RLM is the clear winner. Recurrent Language Model memory outperforms all other retrieval strategies by 4–7 percentage points overall. The gap is largest on temporal reasoning (+10pts) and single-hop recall (+8pts).

Finding #2

Temporal reasoning is the hardest category for everyone. Even the best config (RLM) only hits 40%. This is the frontier — understanding time-ordered events in long conversations remains challenging.

Finding #3

Multi-hop is surprisingly strong across the board. All configs score 78–82% on cross-turn reasoning. The orchestration and chunking strategy handles multi-step inference well regardless of retrieval backend.

Finding #4

Pure RAG (Qdrant) wins on open-domain — vector similarity search naturally surfaces broadly relevant context. But it's the worst at single-hop and temporal, where precise recall matters more.

Finding #5

Hybrid provides modest lift but not enough. Combining BM25 + Qdrant gets you ~2.5pts over either alone. RLM's reinforcement layer adds another ~4.5pts on top — the learning component is what really moves the needle.

Configurations Explained

Config	How It Works
BM25	Keyword-based retrieval (TF-IDF). Fast, no embeddings. Baseline.
Qdrant (RAG)	Vector similarity search using embeddings. Standard RAG approach.
Hybrid	BM25 + Qdrant combined with reciprocal rank fusion. Best of both lexical + semantic.
RLM	Recurrent Language Model memory — compresses and maintains a running belief state across turns, enabling structured recall without explicit retrieval. Based on the RLM architecture (Dec 2025).
Auto	Dynamically selects between configs per query based on question type. Currently running.

Methodology

Dataset: LoCoMo-10 — 10 long conversations sampled from the LoCoMo benchmark (Snap Research). Each conversation contains 25–30 sessions with 196–260 questions.

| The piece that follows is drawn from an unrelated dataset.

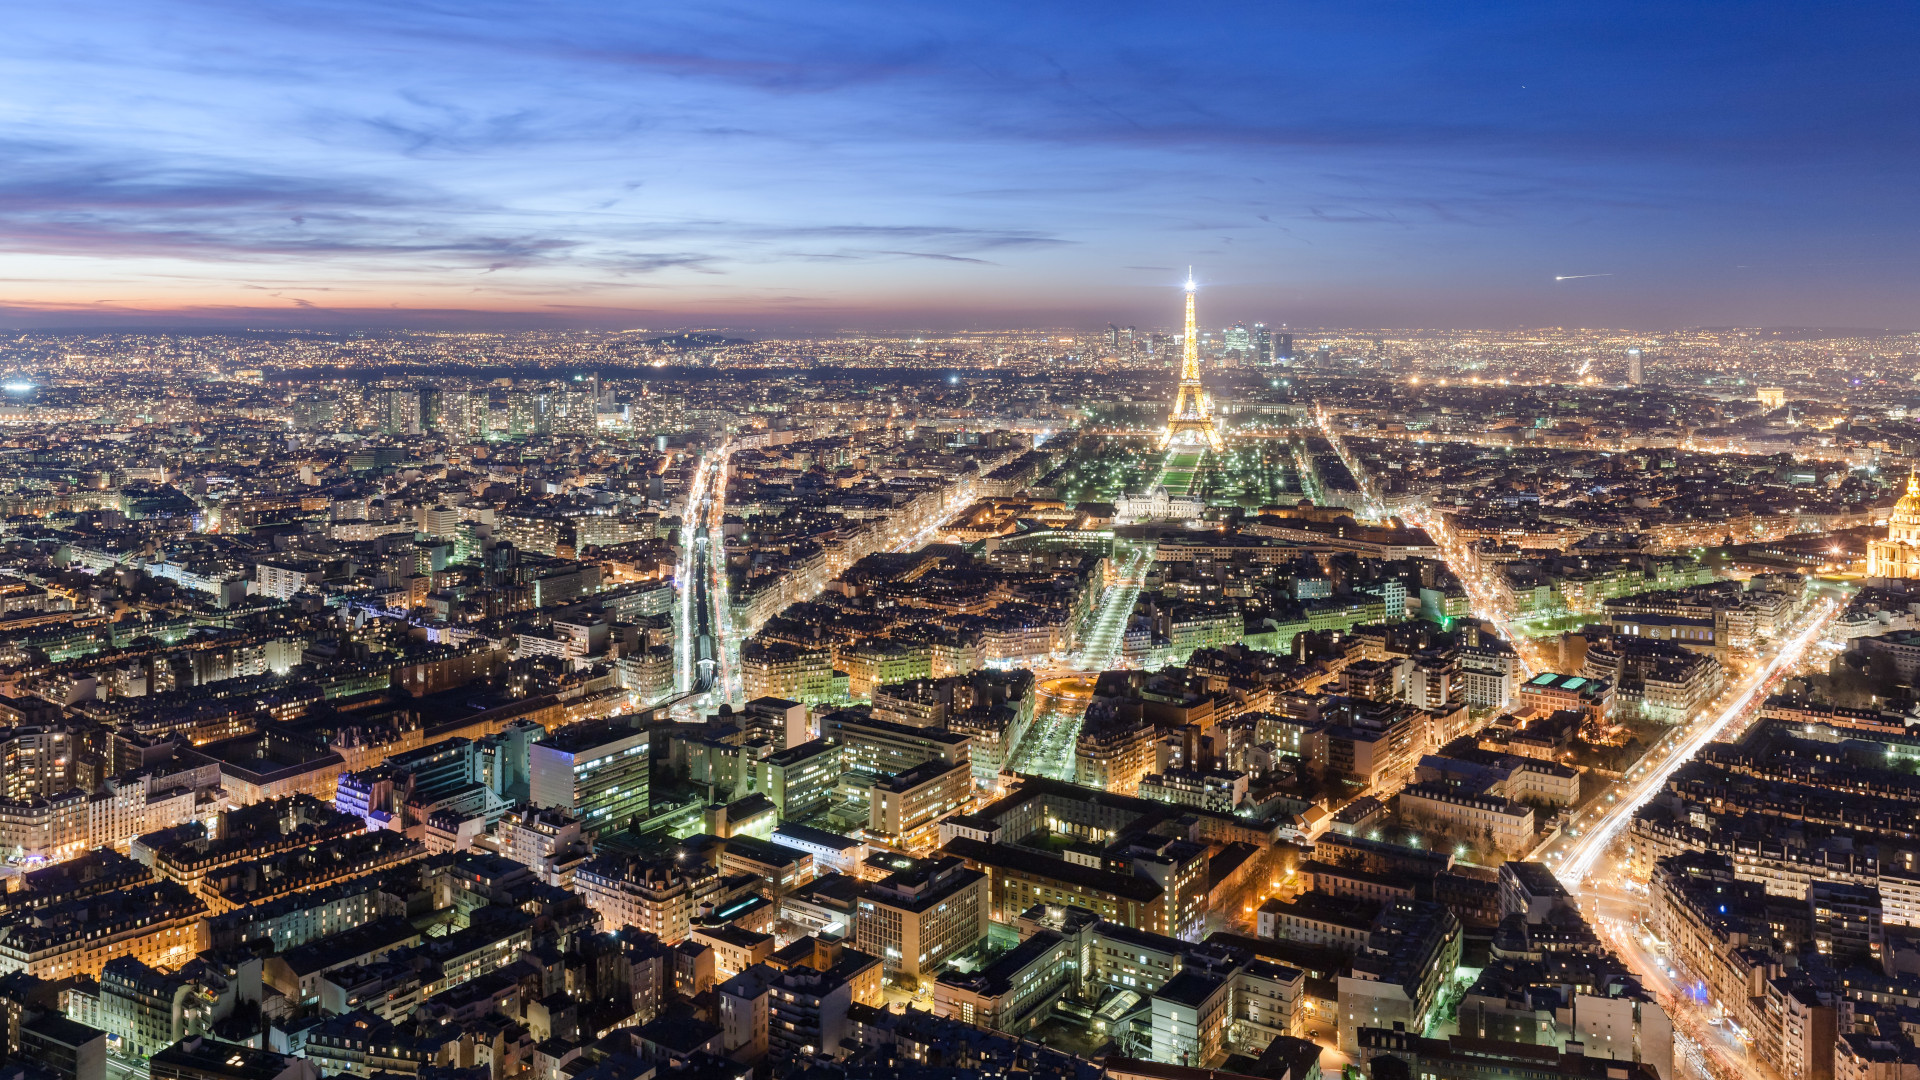 Widok z lotu ptaka na Paryż o zmroku. W jednej trzeciej obrazu widoczna linia horyzontu z wąskim fragmentem czerwonego nieba rozświetlonymi ostatnimi promieniami słońca. Wyraźnie widoczne światła domów oraz latarni wzdłuż ulic, a także Wieża Eiffla.

Scoring: Gemini 2.0 Flash as the evaluator LLM. Scores are 0–1 per question (partial credit). Category scores are averaged across all questions in that category.

Errors: RLM and Hybrid configs hit Gemini API rate limits (429/503), resulting in ~150–160 skipped questions out of 1,986. These are excluded from scoring (not counted as wrong). BM25 and Qdrant ran error-free.